Thats not it, before the ps3 launched before wii, the ds and psp were = because of psp supply constraints people thought sony was going to take over the hanheld market, heck when the name "REVOLUTION" dissapeared there were roumers nintendo was leaving the video game industry...

I just dont get whats going on, how did nintendo go from nothing to GODS?

You have to realize that every generation each company needs to make their console special so that it differentiates itself from the others, or at the very least keeps up.  The generally accepted thing to do is to increase the graphical power, but how you get there is an art.  Sony made many engineering and design mistakes when preparing the PS3, which lead to their extremely high price point at launch (and extremely high losses last fiscal year).
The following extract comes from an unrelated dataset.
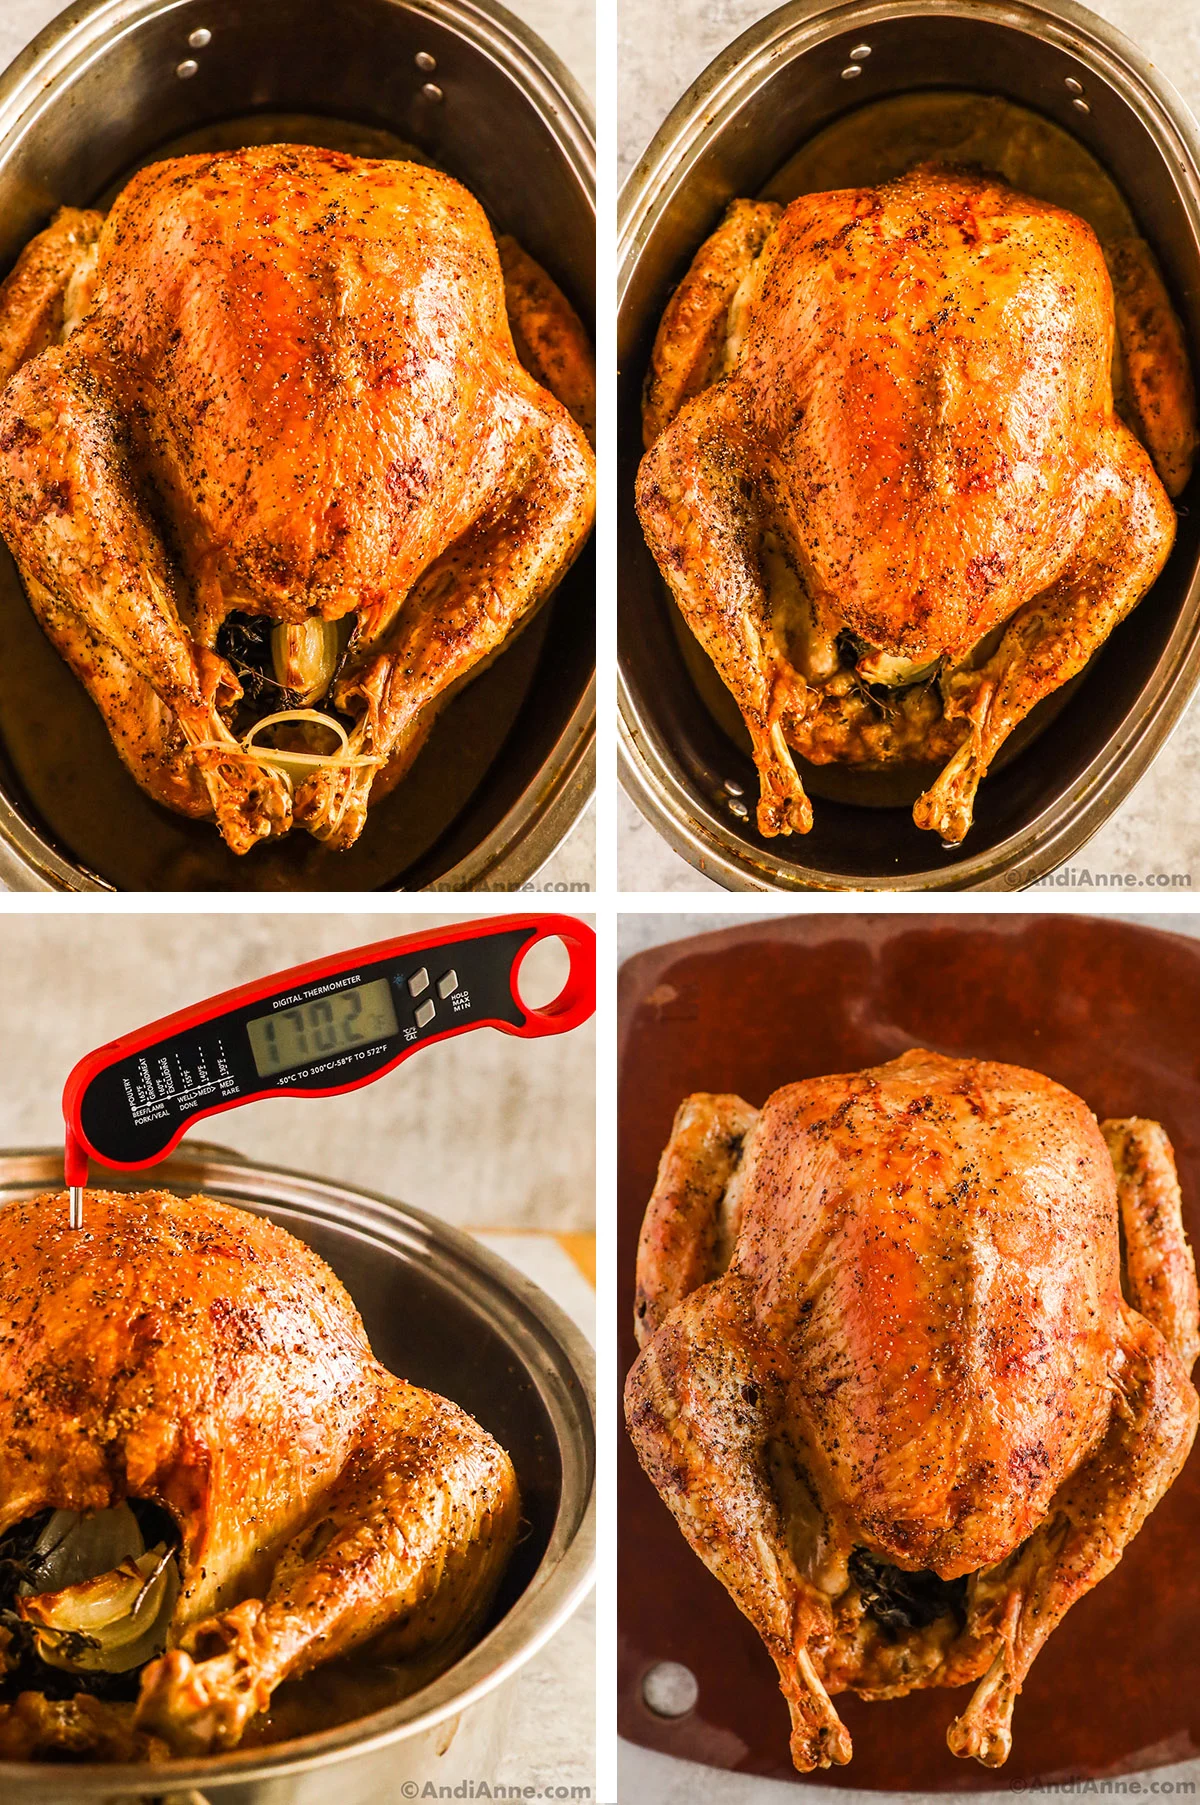 A roasted turkey in a turkey pan, a digital meat thermometer poking into the turkey meat, and the cooked turkey on a cutting board.
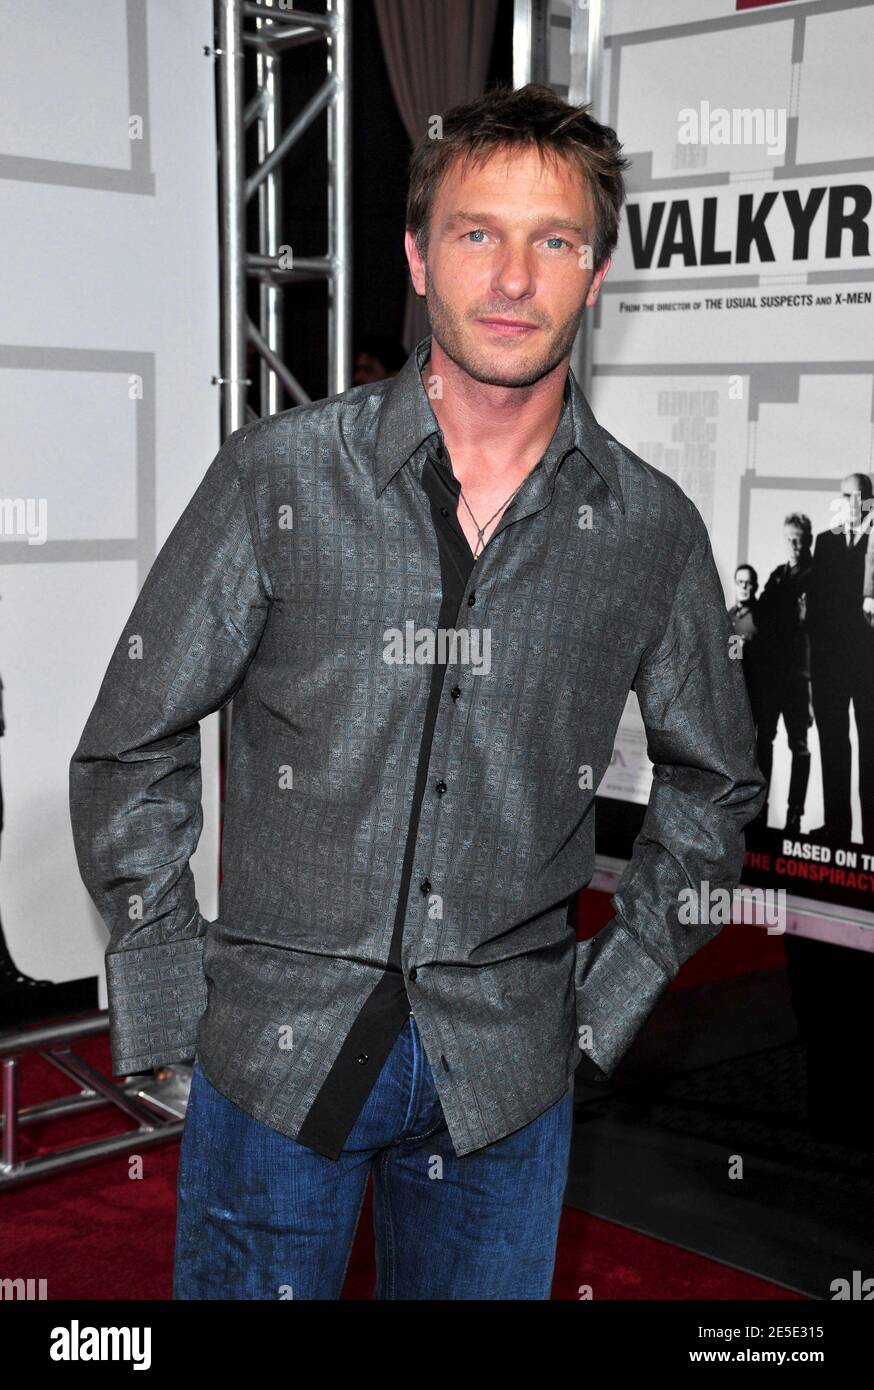 Cast member Thomas Kretschmann arriving for the premiere of 'Valkyrie' at Rose Hall, Time Warner Center in New York City, NY, USA on December 15, 2008. Photo by Gregorio Binuya/ABACAPRESS.COM Stock Photo

Nintendo had another idea -- they saw that development costs were reaching unsustainable levels for many game developers.  Everyone in the computer industry realizes that power is an inevitability: there will always be people developing it and factories with improving manufacturing capacity.  Every generation power becomes cheaper and more available by default.  Nintendo decided to use this this to their advantage and make significant innovations with control for both their DS and their Wii systems.

And in both cases, they paid off bigtime.

Nintendo didn't exactly come out of left field here.  They already have, by far, the strongest first party development.  And with the DS, they were building third party relationships where they held a lot of leverage: developing for the DS is extremely lucrative.  Nintendo had all of the pieces in place to push harder than ever before this generation.  Microsoft didn't see it coming because they never see anything coming.  They're not exactly visionaries.  Sony should have seen it coming, but they were far too proud of their brand to see anything else.

As of late, Sony has been doing an admirable job of digging itself out of the PS3 hole that Kutagari left them in.  The holiday season is over now and we'll see if they can maintain any momentum or if they'll go the way that both they and Microsoft went last year.